While most companies encourage organisational whistleblowing, they would frown upon public whistleblowing. It damages the company’s reputation and incurs other losses (clients lose faith in the company, the company is ‘cancelled’, penalties for paying, etc.).

Some of the pros of whistleblowing in the workplace are:

You’re doing the right thing

Know that you have made the right decision. Exposing illegal activity that negatively affects others is the right thing to do. You stood up for others who couldn’t have done it without you. Sometimes, insider information is the best way to make the perpetrators pay for their actions

Protected from company’s retaliation

Your boss will be fuming! However, you don’t have to worry. Usually, whistleblowers have the protection of the law from their company’s retaliation.

You may be rewarded

Depending on your case, you could get awarded by the government. If you expose a fraud case, the government may try to recover their lost funds. They may even give you some percentage of it as a reward.

There are also some cons of whistleblowing in the workplace, such as:

It could ruin your career

Your company can’t legally seek revenge. But if you love your job and decide to blow the whistle, you better secure a new job beforehand. Not all companies regard whistleblowers as heroes. They may see you as a threat.

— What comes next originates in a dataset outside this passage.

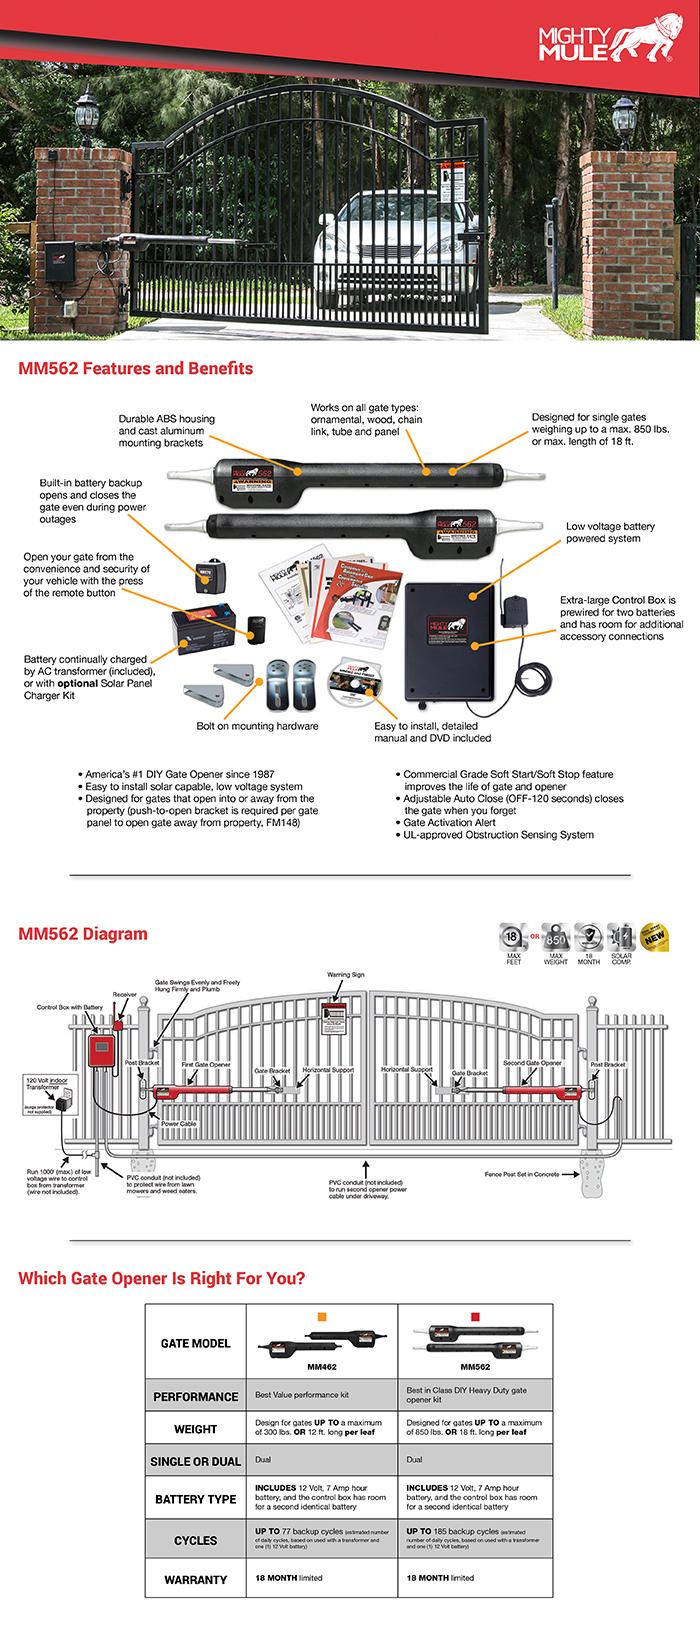 Mighty Mule Heavy Duty Dual Swing Automatic Gate Opener

You may find difficulties getting hired.

It could ruin your work relationship

The aftermath of your action may not only negatively impact the company but also your colleagues. The reasons may vary: For example, some of them may have bought some shares in the company, but after the public whistleblowing, the shares could drop, they might get fired due to the financial blow, or the sales team could lose many high-value clients. Suddenly, you’ll have so many enemies even within the company.

All in all,

The decision to whistleblow is in your hands. Think about it carefully, especially if you decide to go for public whistleblowing and do your homework before taking action.